YOUR TASK
With the images removed, write out every line below exactly.

SOURCE DATA
------------

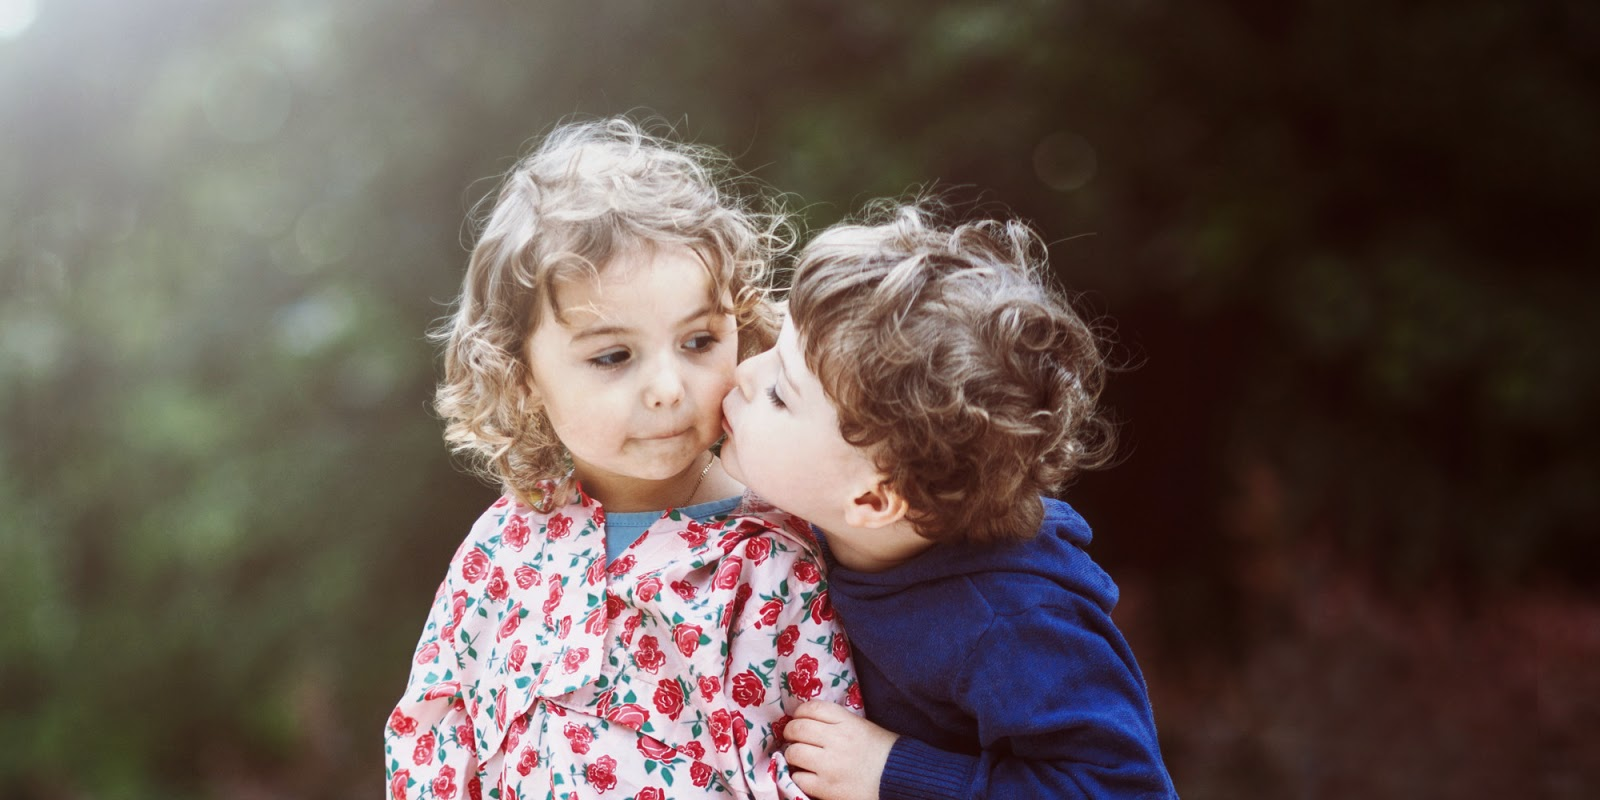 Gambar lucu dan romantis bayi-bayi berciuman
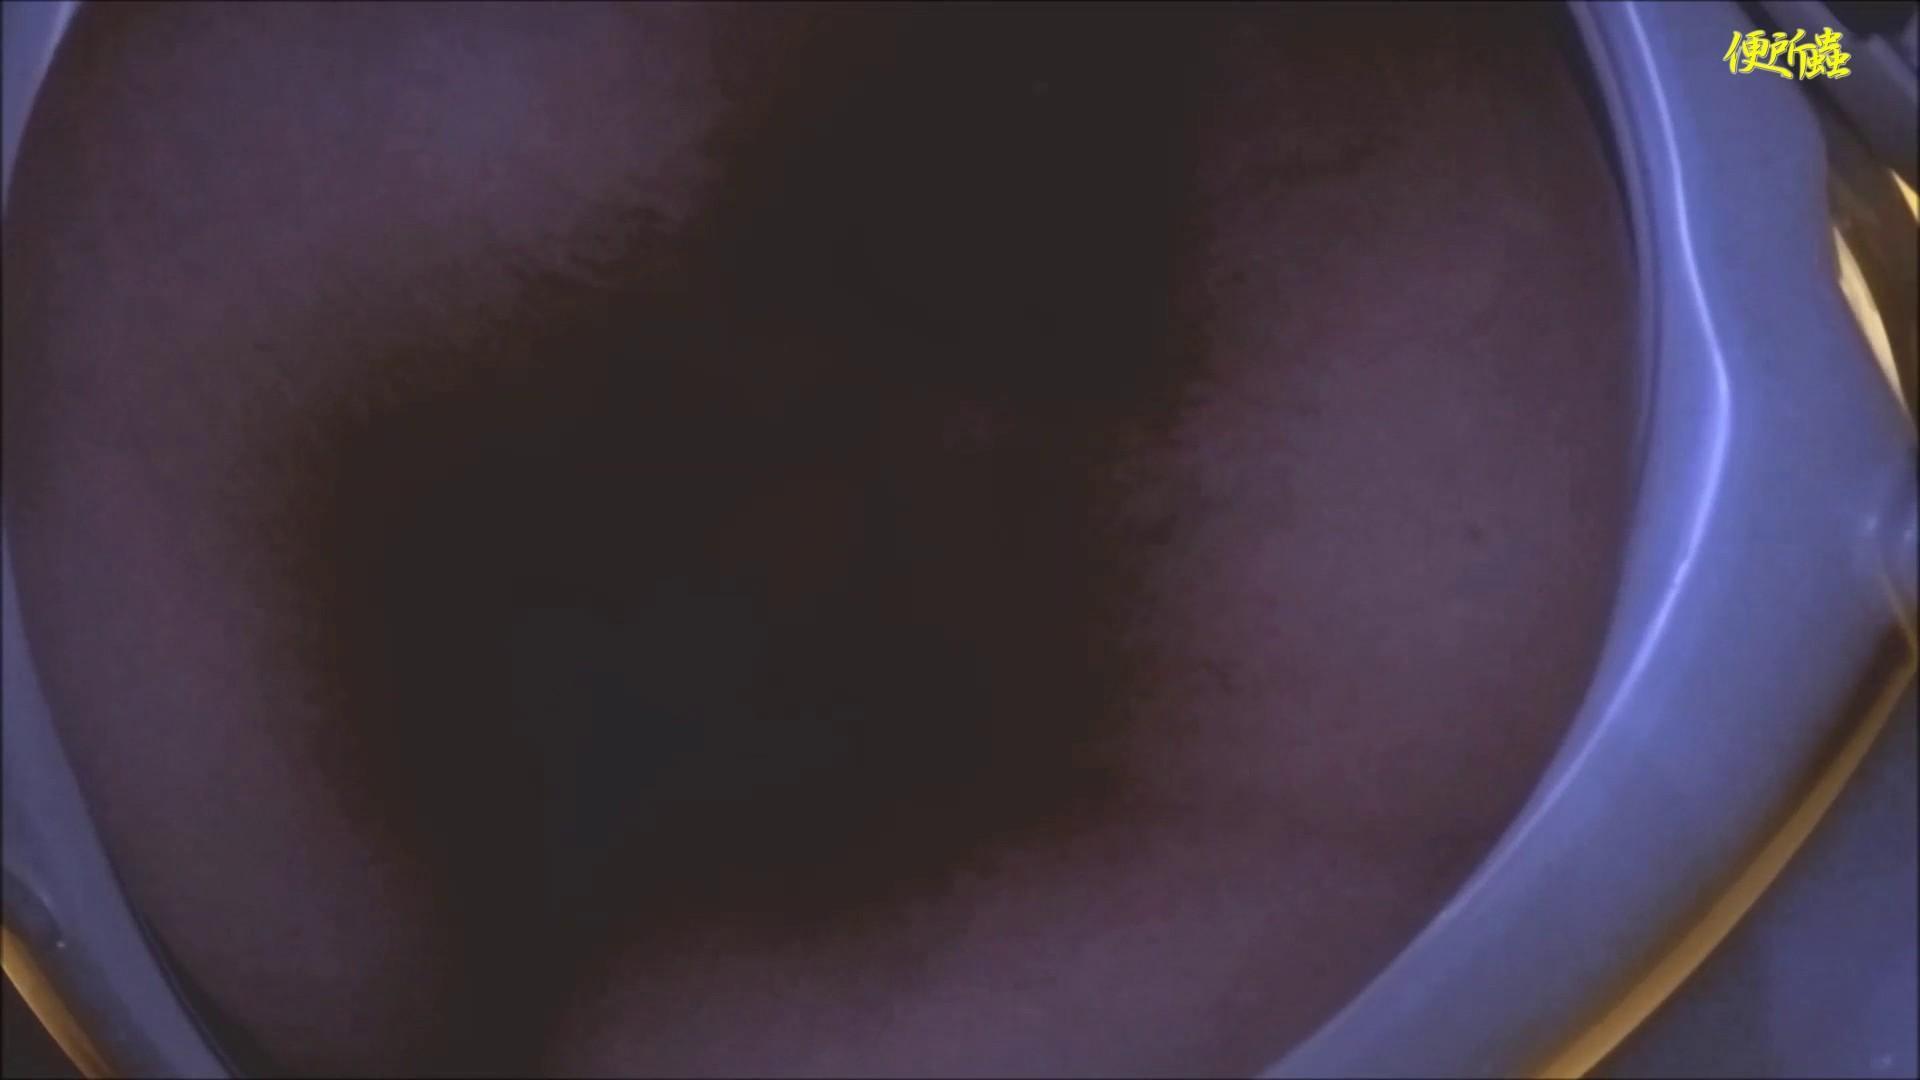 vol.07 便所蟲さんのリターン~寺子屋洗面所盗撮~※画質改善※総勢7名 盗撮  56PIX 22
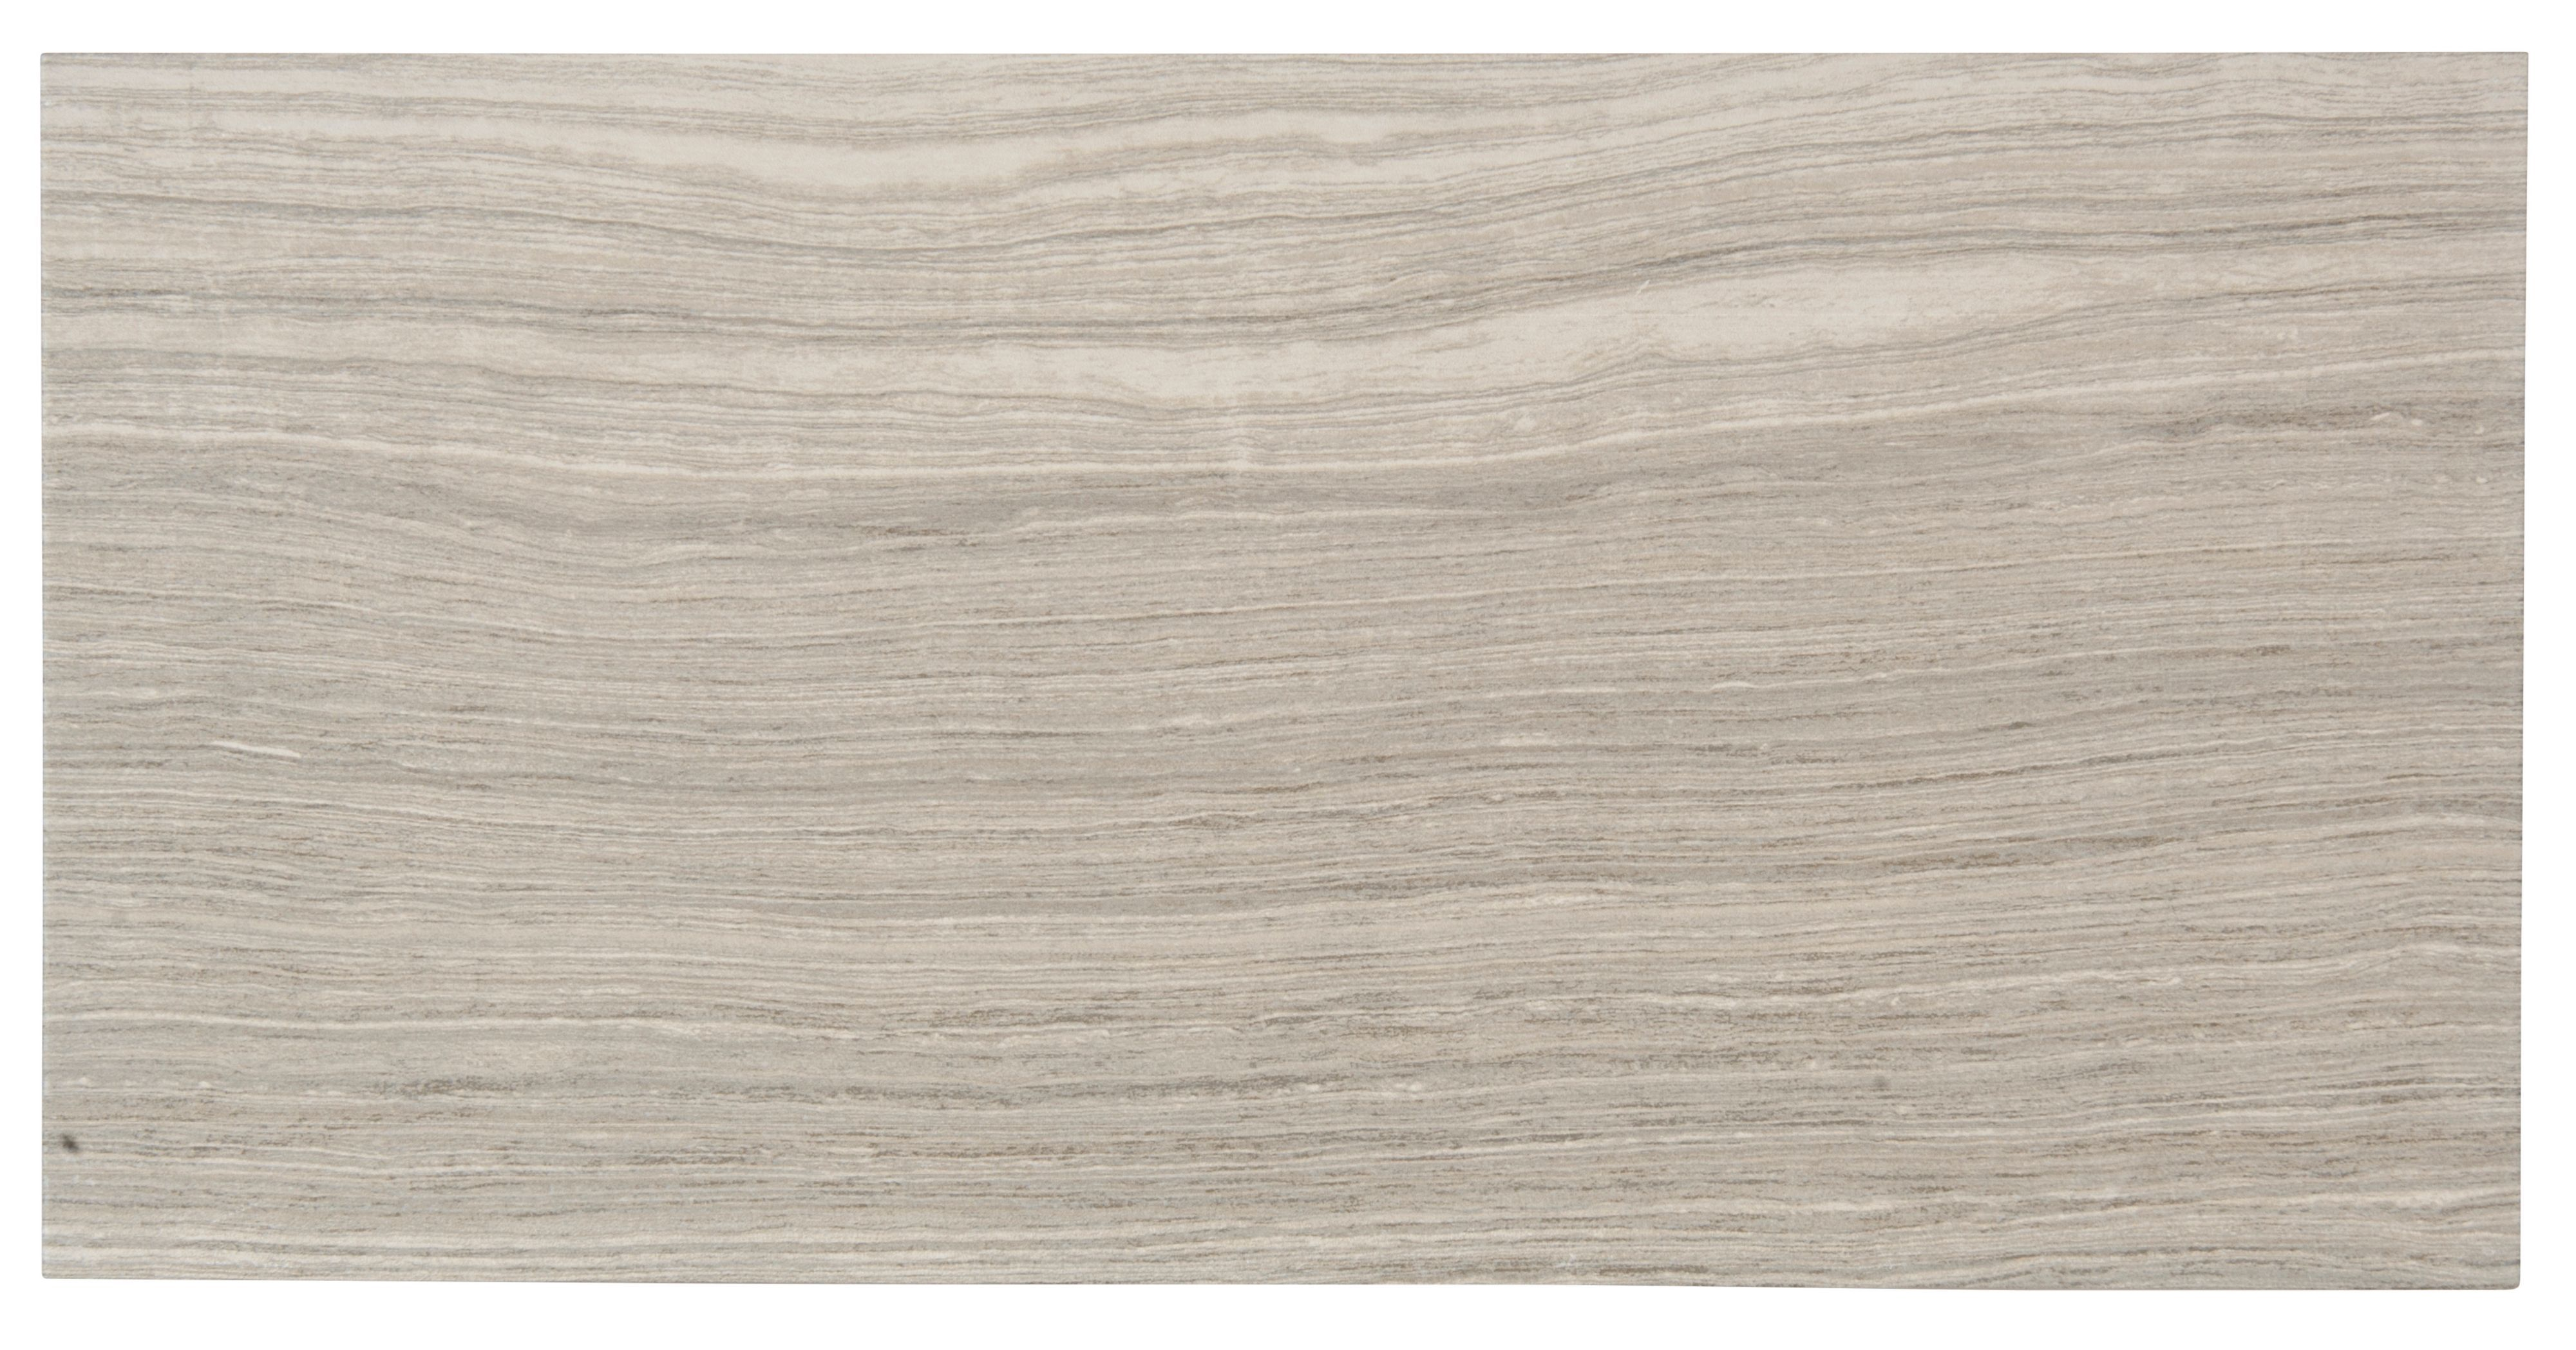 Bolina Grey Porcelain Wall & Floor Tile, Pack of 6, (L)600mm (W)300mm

------------

SOLUTION TO THIS PROBLEM
 Gambar lucu dan romantis bayi-bayi berciuman
 vol.07 便所蟲さんのリターン~寺子屋洗面所盗撮~※画質改善※総勢7名 盗撮  56PIX 22
 Bolina Grey Porcelain Wall & Floor Tile, Pack of 6, (L)600mm (W)300mm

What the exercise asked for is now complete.